Heteronuclear TROSY 15N-{1H} NOE data were acquired in pairs of spectra, one with and one without saturation of the proton resonances. Experiments with proton saturation used a 3 s relaxation delay with 3 s of saturation, while spectra with no saturation used 6 second relaxation delays between scans. Spectra were collected in duplicate, and for each pair, peak intensity ratios (I/I0) were used to calculate the steady-state NOE. Propagation of the base plane noise was used to give the error in the data.

Relaxation dispersion experiments (ΔR2,eff) were acquired at 700 1H MHz and 23 °C using a relaxation-compensated Carr–Purcell–Meiboom–Gill TROSY pulse sequence. Data were collected at two endpoints: at CPMG νCPMG = 50 Hz and νCPMG= 1000 Hz. In addition, two experiments were acquired: at Trelax = 40 ms, and a reference with νCPMG = 0 Hz (i.e., no CPMG interval). For all experiments, the relaxation delay was 2.5 seconds. R2,app values were determined as45:

$$R_{2,{\mathrm{app}}}\left( {{\mathbf{\nu }}_{{\mathrm{CPMG}}}} \right) = - 1/{\mathrm{T}}_{{\mathrm{relax}}} \cdot {\mathbf{ln}}\left[ {{\mathrm{I}}\left( {{\mathbf{\nu }}_{{\mathrm{CPMG}}}} \right)/{\mathrm{I}}_0} \right]$$
(2)

where Trelax = 40 ms is the total time for the CPMG refocusing period, I(νCPMG) is the peak intensity with CPMG refocusing, and I0 is the peak intensity with no refocusing.

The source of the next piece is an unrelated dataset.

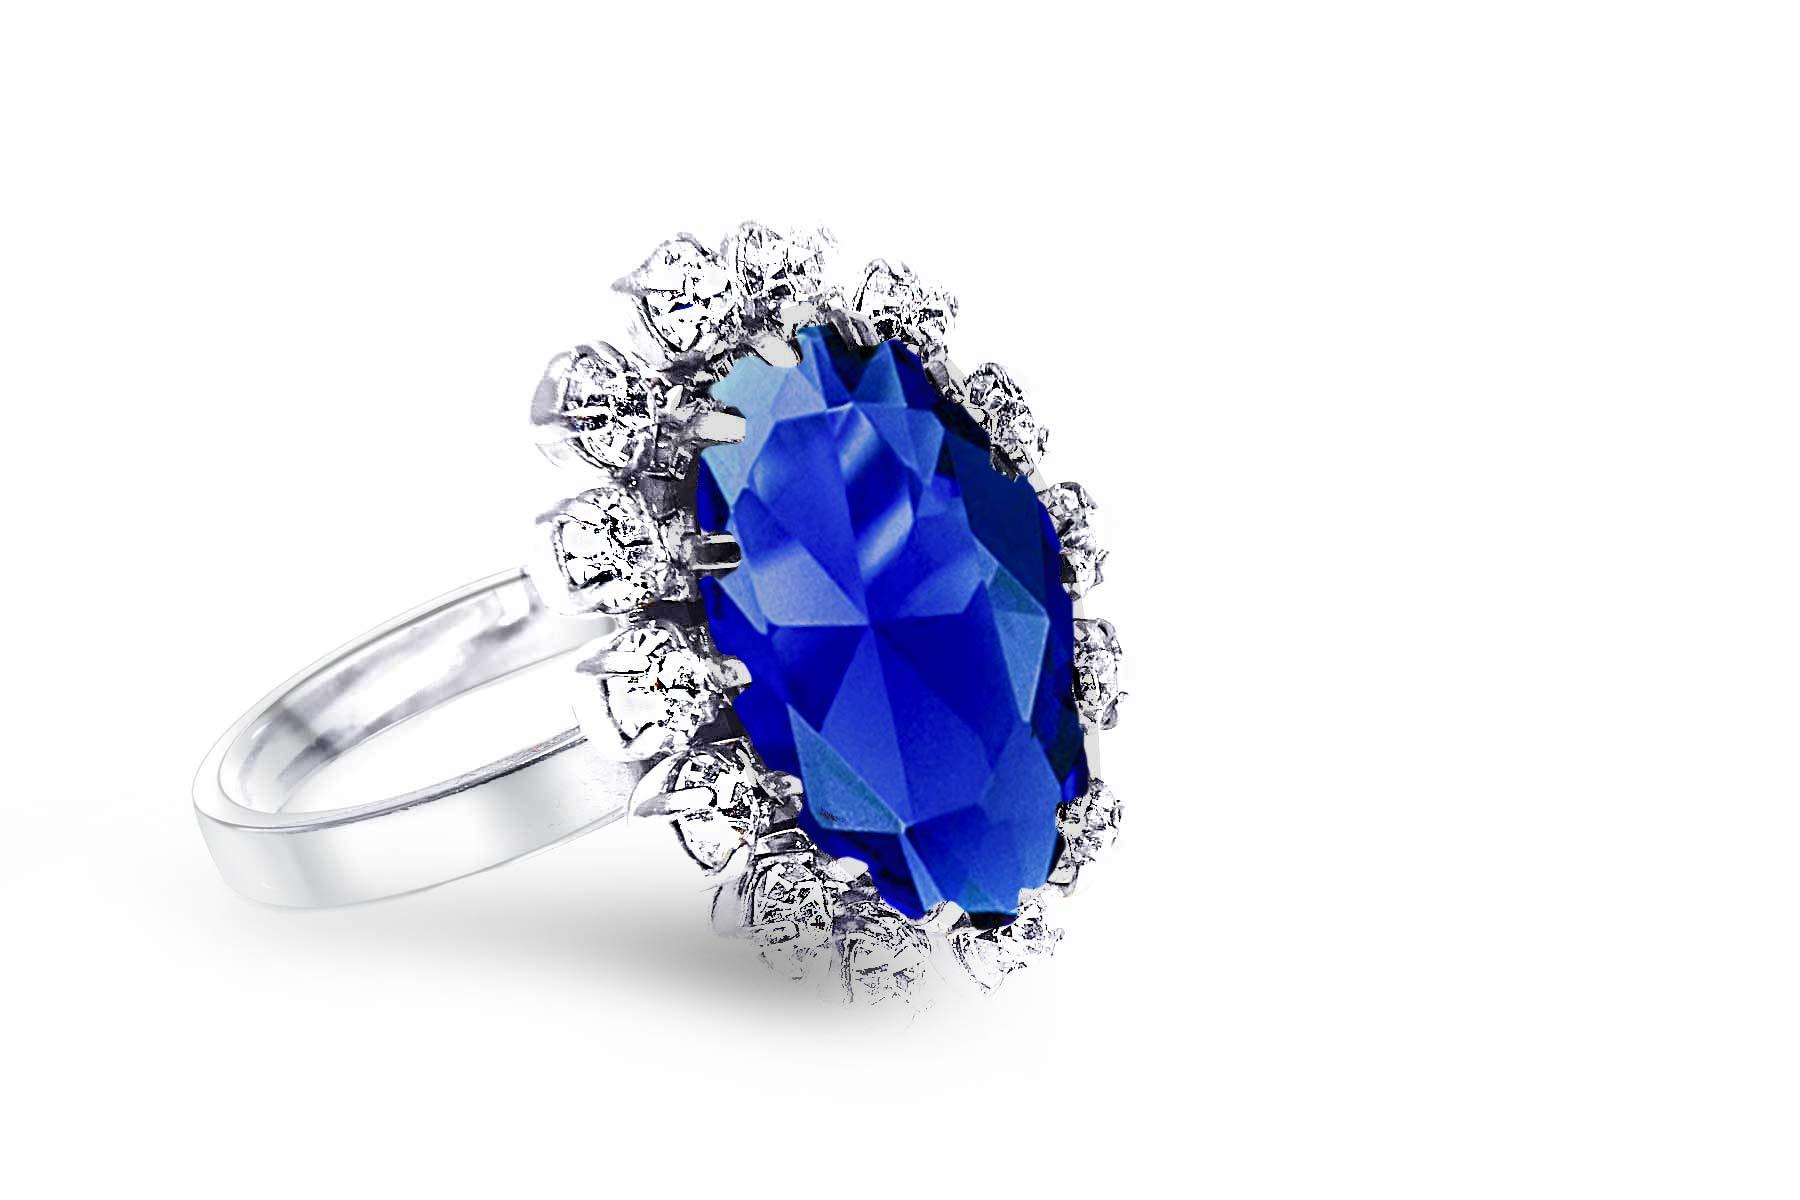 a4a25a5ddd Queen24 Anello di fidanzamento Swarovski – Argento – Palladio cristallo  zaffiro fatto a mano – Anello regolabile – Anello da donna anello anello  anello da ...

To measure the contribution to intrinsic R2 from conformational exchange,

$$\Delta {\mathrm{R}}_{2,{\mathrm{eff}}} = {\mathrm{R}}_{2,{\mathrm{app}}}\left( {{\mathbf{\nu }}_{{\mathrm{CPMG}}\;{\mathrm{at}}\;{\mathrm{50Hz}}}} \right)-{\mathrm{R}}_{{\mathrm{2,app}}}\left( {{\mathbf{\nu }}_{{\mathrm{CPMG}}\;{\mathrm{at}}\;{\mathrm{1000Hz}}}} \right)$$
(3)

or, for simplification:

$$\Delta {\mathrm{R}}_{{\mathrm{2,eff}}} = - 1/{\mathrm{T}}_{{\mathrm{relax}}} \cdot {\mathbf{ln}}\left[ {{\mathrm{I}}\left( {{\mathbf{\nu }}_{{\mathrm{CPMG}}\;{\mathrm{at}}\;{\mathrm{1000Hz}}}} \right)/{\mathrm{I}}\left( {{\mathbf{\nu }}_{{\mathrm{CPMG}}\;{\mathrm{at}}\;{\mathrm{50Hz}}}} \right)} \right].$$
(4)

Data availability

The coordinates and structure factor data have been deposited in the Protein Data Bank (www.pdb.org) with the accession codes 6F4I (dSNF1–96), 6F4J (dU2A′-dSNF1–96), 6F4H (dSNF1–96–dU1SLII) and 6F4G (dU2A′–dSNF1–96–dU2SLIV). Other data are available from the corresponding authors upon reasonable request.